Work task - Images appear in the records below; leave them out and repeat everything else exactly.

Material for this task -
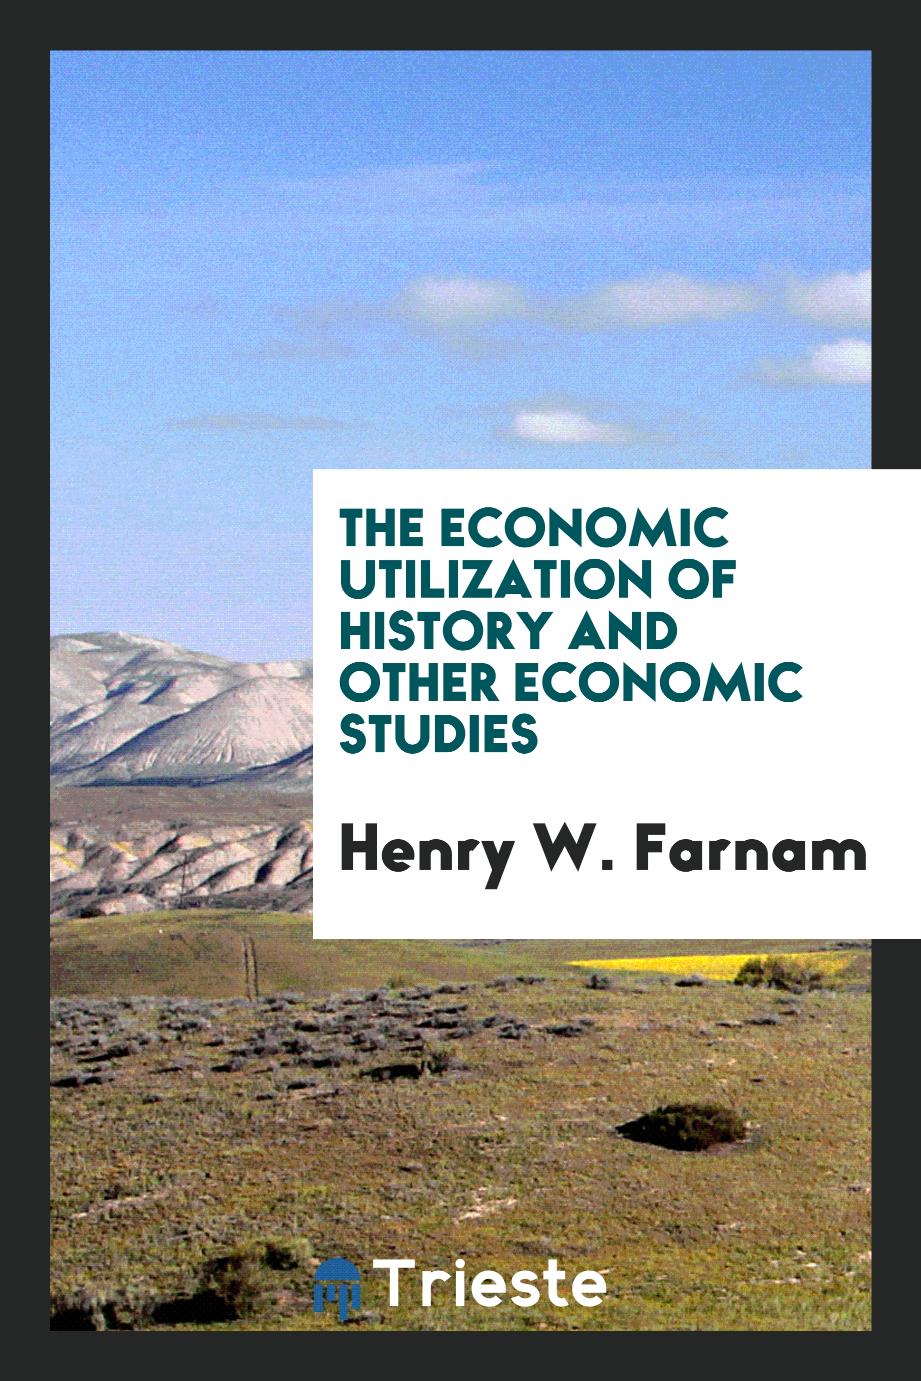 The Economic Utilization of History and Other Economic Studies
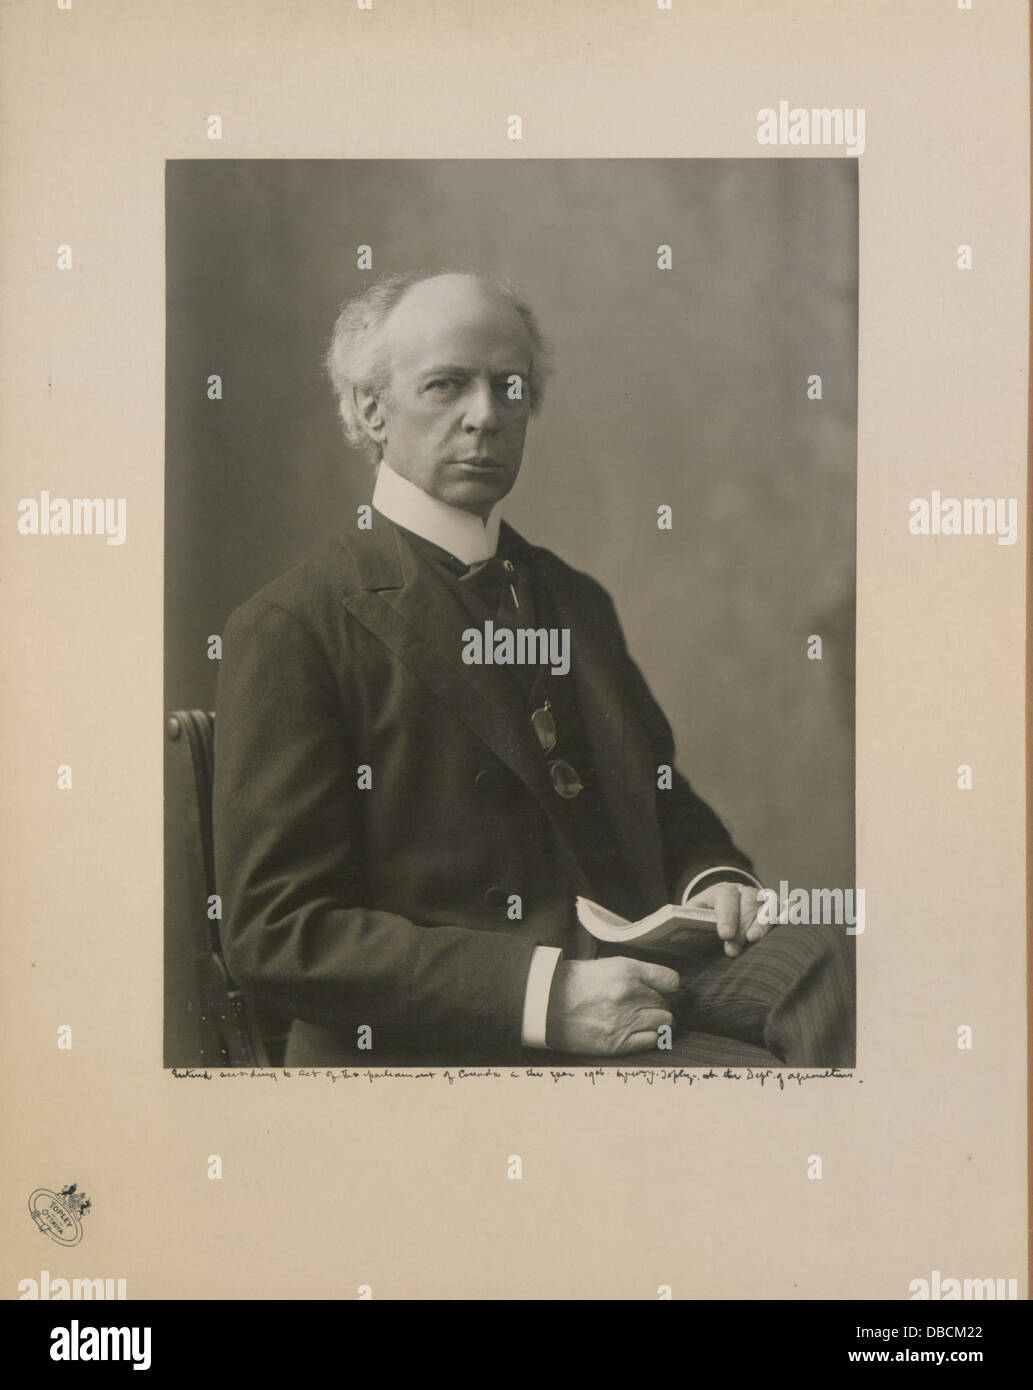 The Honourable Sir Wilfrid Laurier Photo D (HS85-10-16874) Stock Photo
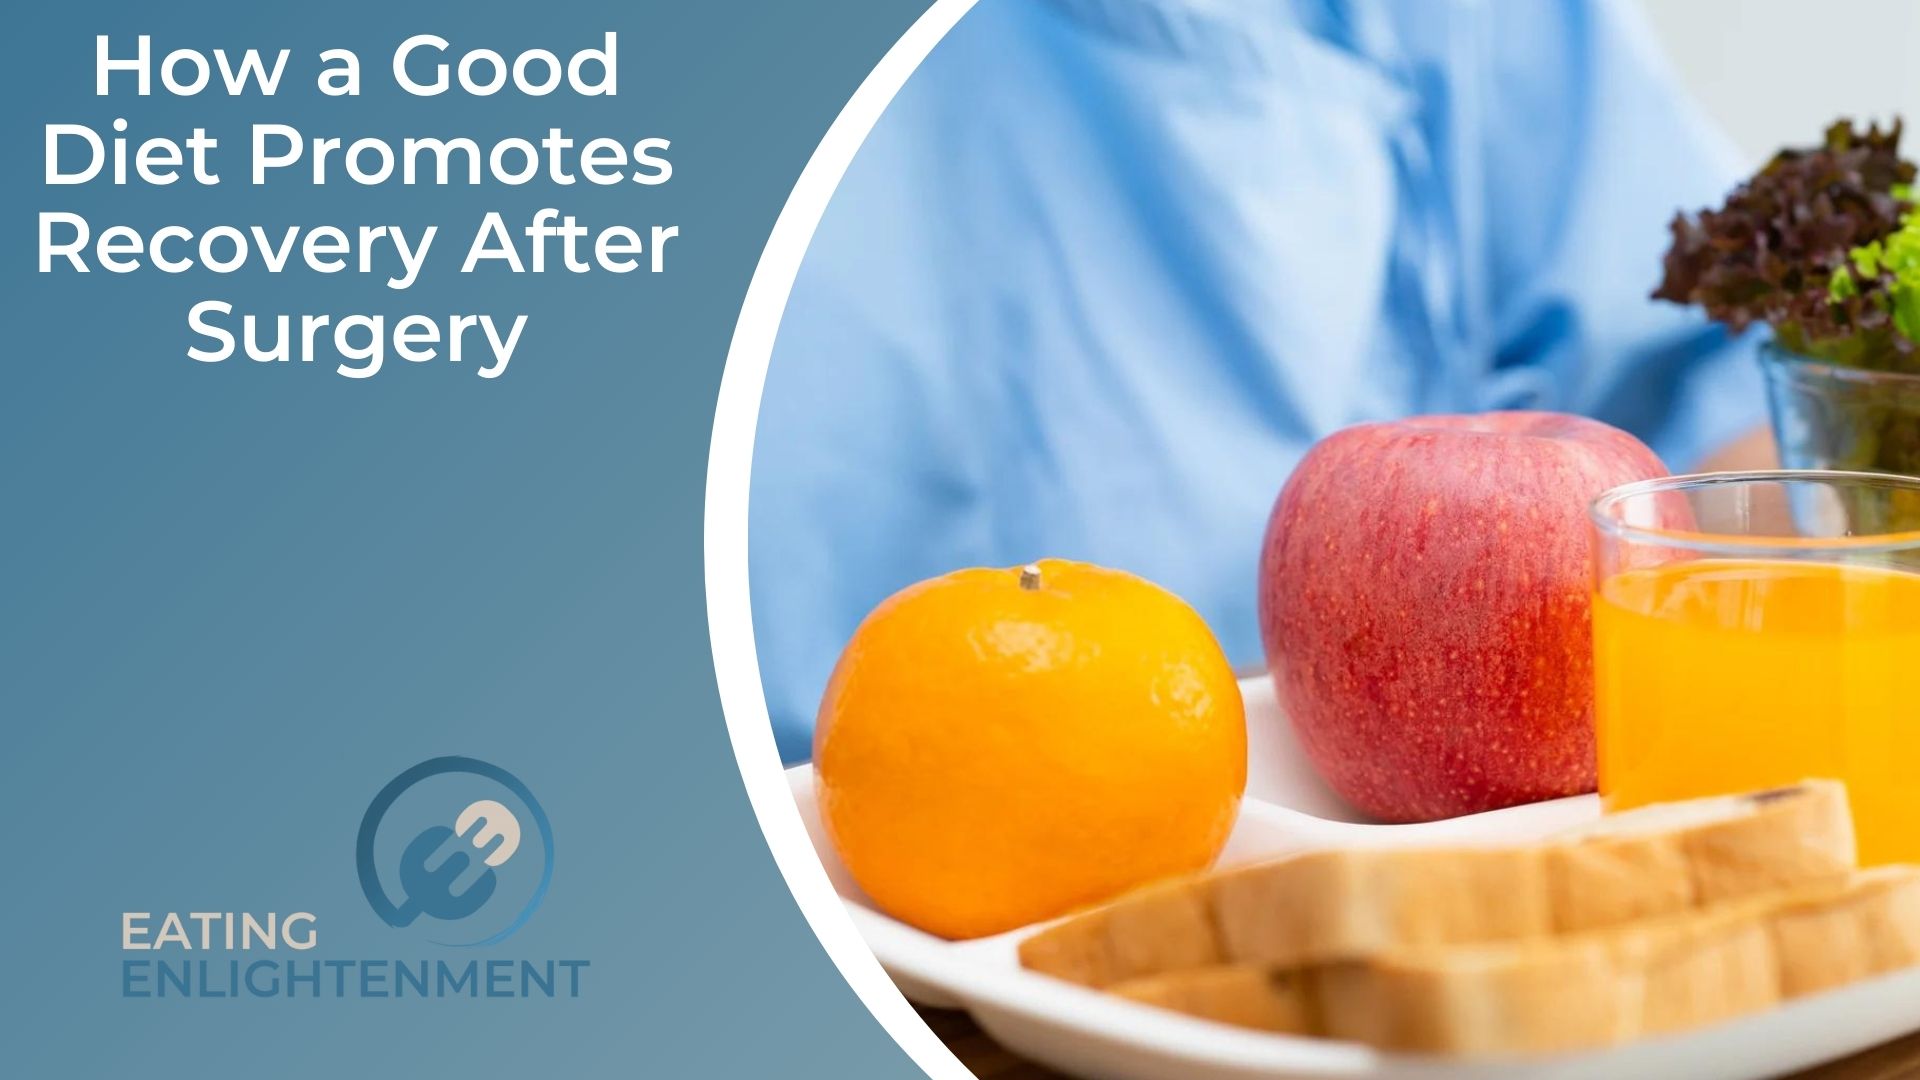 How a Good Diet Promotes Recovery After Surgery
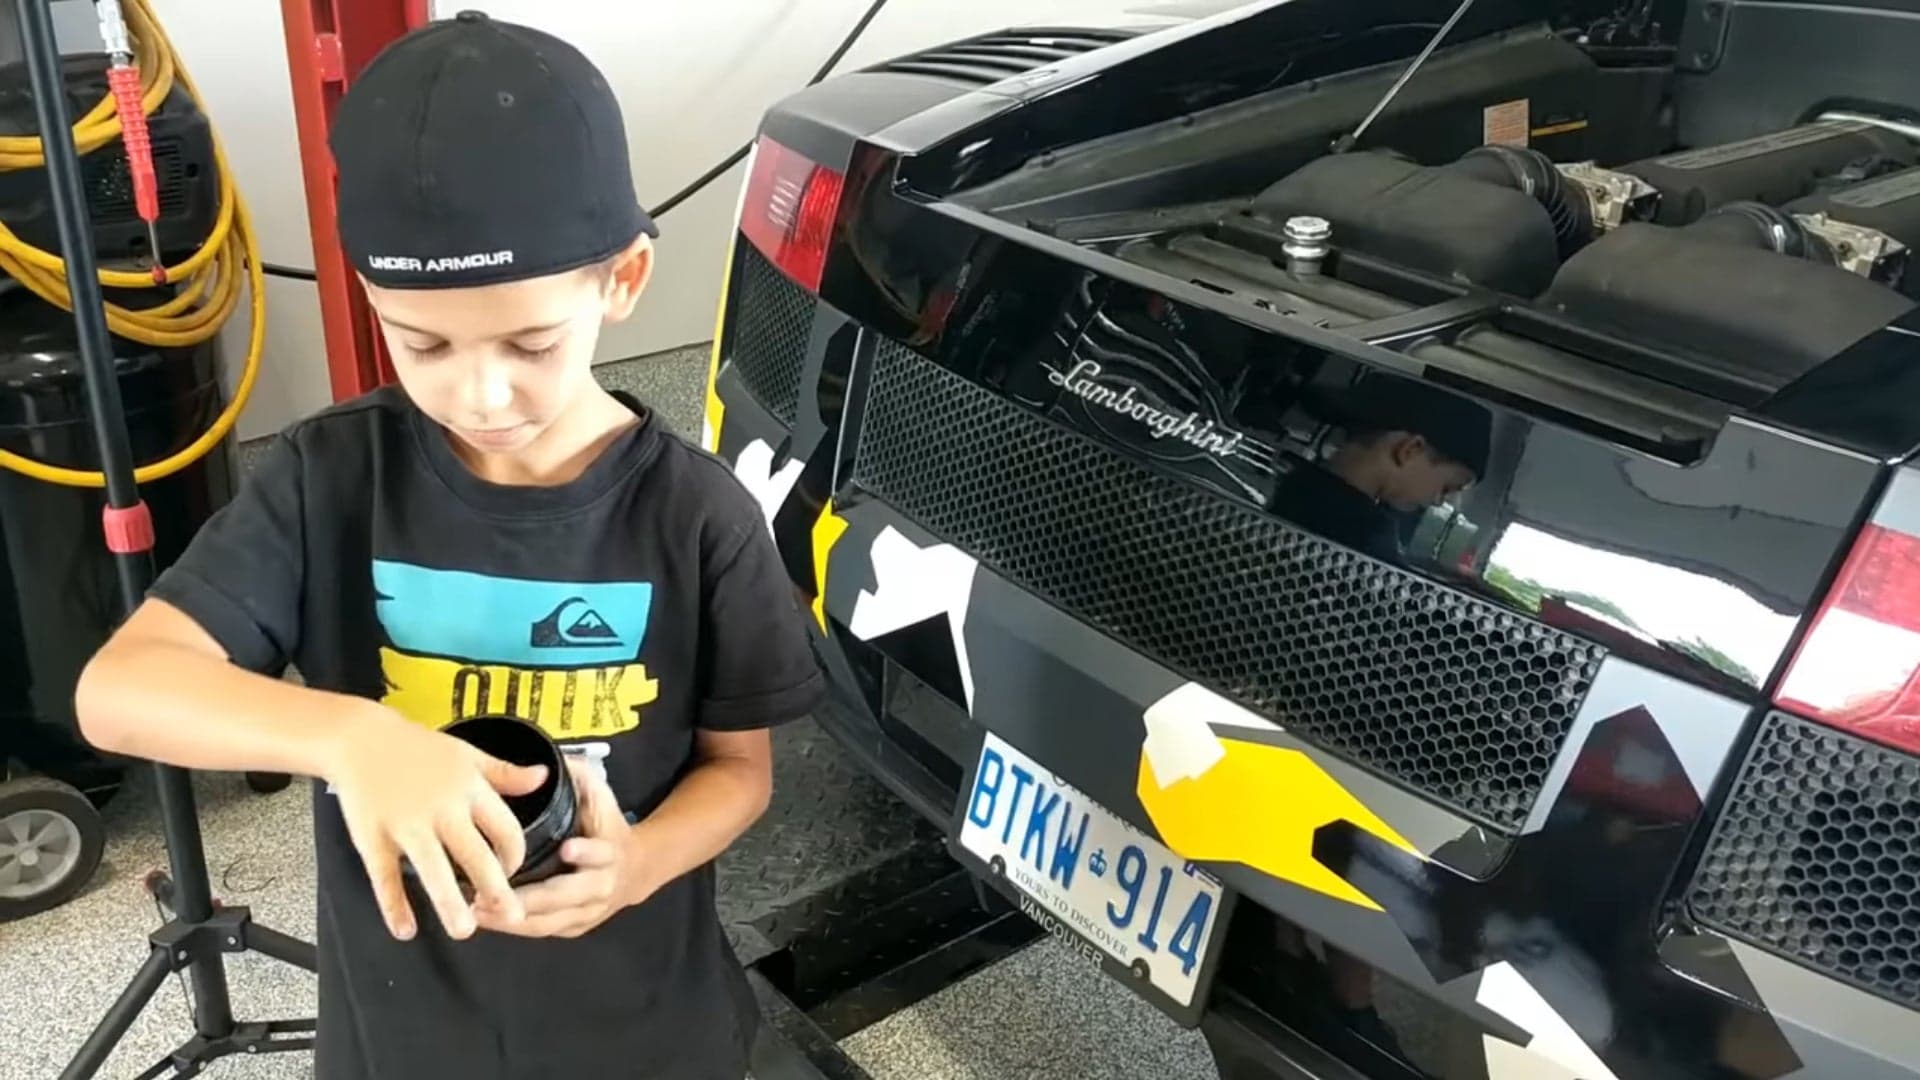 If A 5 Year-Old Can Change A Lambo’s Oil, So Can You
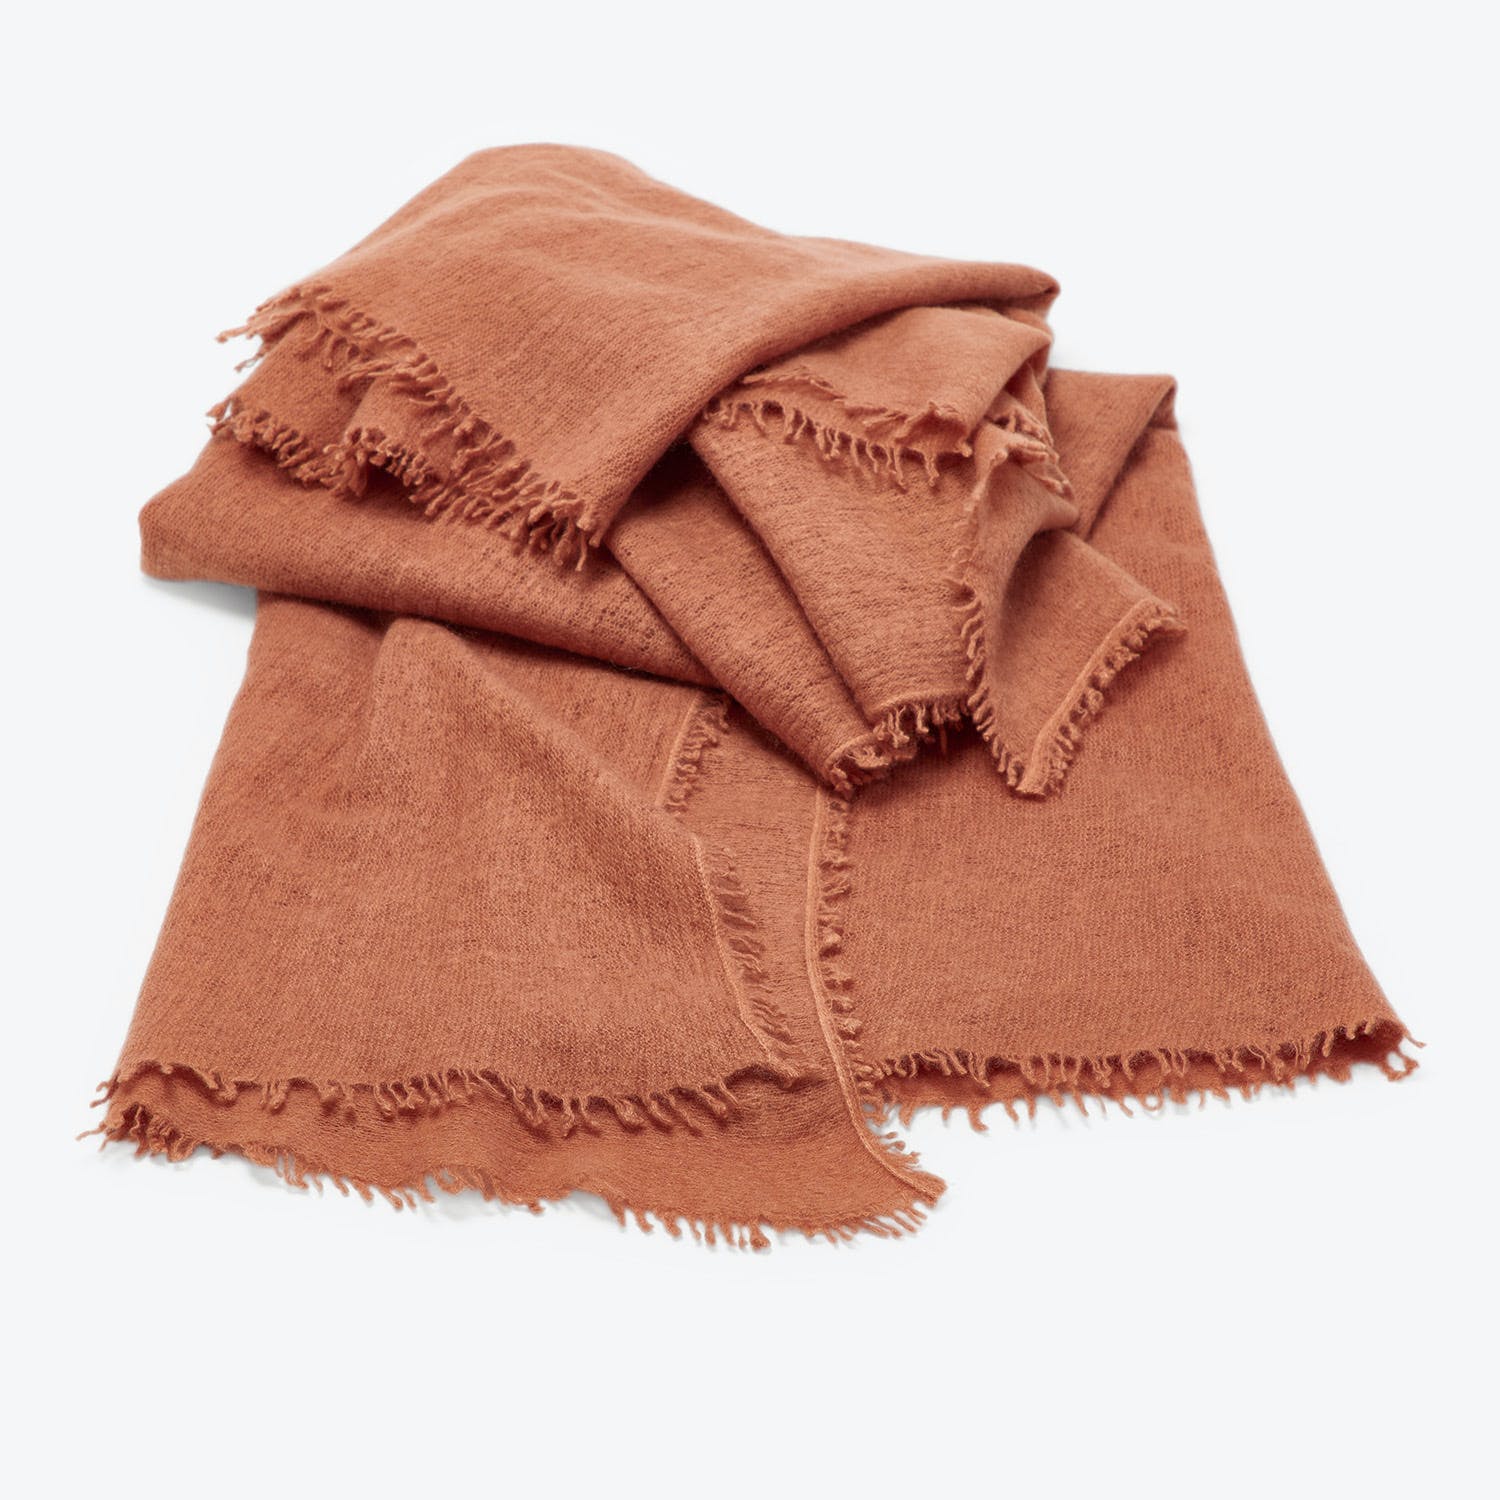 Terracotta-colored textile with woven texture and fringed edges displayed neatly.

Task result -
 The Economic Utilization of History and Other Economic Studies
 The Honourable Sir Wilfrid Laurier Photo D (HS85-10-16874) Stock Photo
 How a Good Diet Promotes Recovery After Surgery
 If A 5 Year-Old Can Change A Lambo’s Oil, So Can You
 Terracotta-colored textile with woven texture and fringed edges displayed neatly.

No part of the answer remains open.